Aim: Several studies have demonstrated the effective antithrombotic action of mesoglycan to treat chronic venous disease (CVD). The study aimed to assess clinical and quality of life (QoL) (CIVIQ 20 questionnaire) improvements in mesoglycan-treated patients with clinical, etiological, anatomical and pathophysiological (CEAP) stages 2 and 3.
Methods: The open, multicentre, uncontrolled, observational, prospective study involved treating patients with 50 mg x 2/day mesoglycan for 2 months and measuring improvement to lower-limb edema and QoL in the Global, Physical, Pain, Psychological, and Social Dimensions of the Chronic Venous Disease Quality-of-Life Questionnaire (CIVIQ 20) at the first, baseline visit (V1), at the end of treatment (V2) and 2 (V3) and 4 months after treatment completion (V4). At the last visit (V4), patient disease status was assessed objectively (by the treating physician) and subjectively (by the patient). The study population was divided into three groups: 1) patients with only varicose veins; 2) patients with only lower-limb edema; 3) patients with varicose veins and edema (ITT population).

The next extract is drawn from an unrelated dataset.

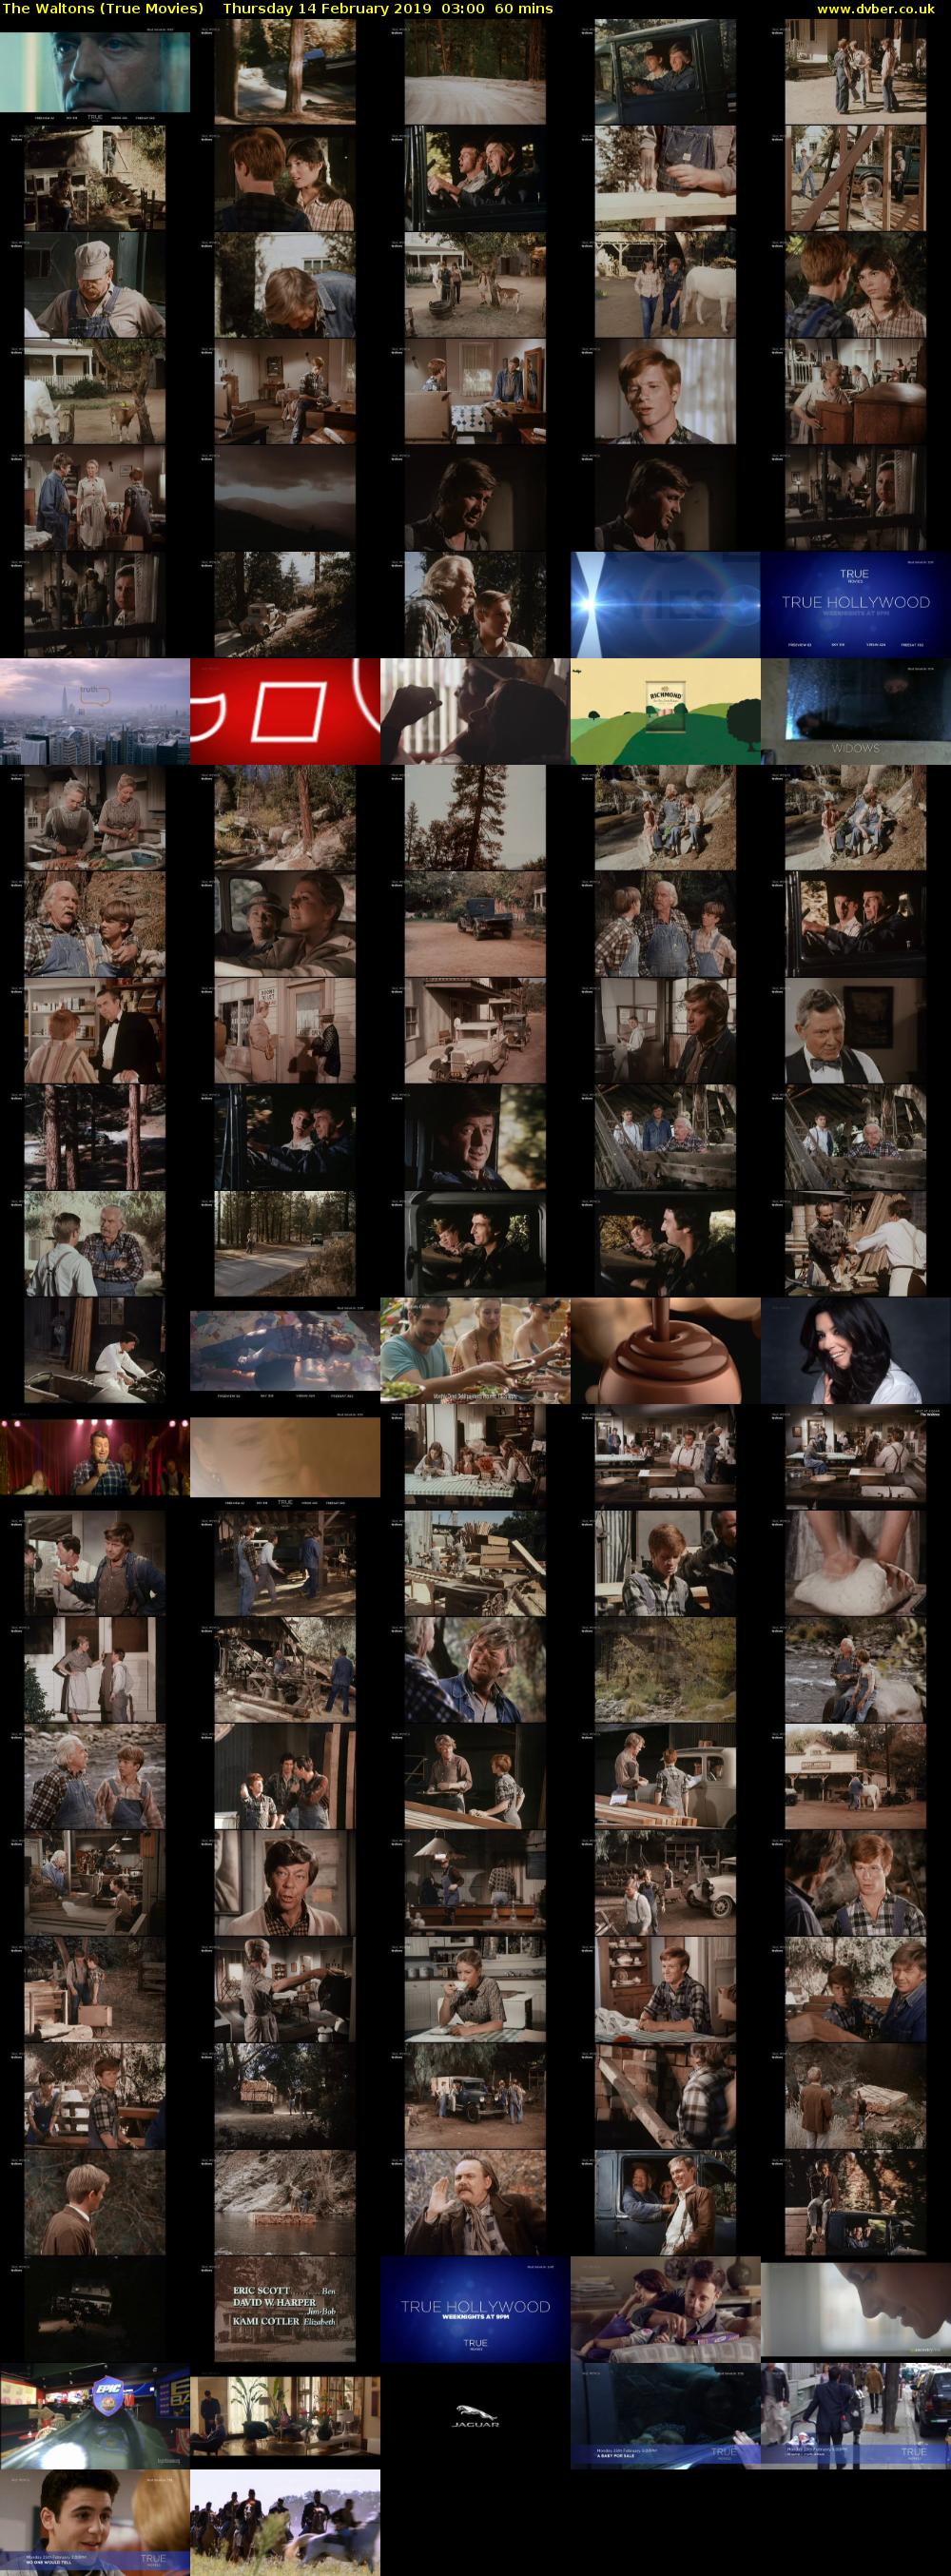 The Waltons (True Movies) Thursday 14 February 2019 03:00 - 04:00

Results: Seventy-five centers enrolled 1066 patients (ITT population); 914 patients completed the study. Mesoglycan treatment produced significant improvement of edema and lower-limb circumference at every visit, in both patients with edema alone and those with edema and varicose veins (paired sample t-test P<0.001). QoL improved significantly in all questionnaire dimensions in all three patient groups even after treatment was concluded (V2). Improvement continued up to the end of the study observation period (V4) (paired sample t-test P<0.001). Objective clinical improvement of the underlying CVD was found in 76.82% of patients with varicose veins alone, in 82.83% of patients with edema alone, and in 76.7% of patients with varicose veins and edema. Patients' own subjective assessment of improvement was 82.0%, 79.39% and 79.39% respectively for the three groups.
Conclusion: Results showed mesoglycan treatment to improve QoL significantly in patients with CVD as measured by a specific questionnaire like the CIVIQ 20. The extent of average edema reduction observed at the last visit (4 months after the end of drug treatment), suggests mesoglycan might have an etiological role, modifying the physiological factors underlying CVD and not just affording temporary improvement of symptoms.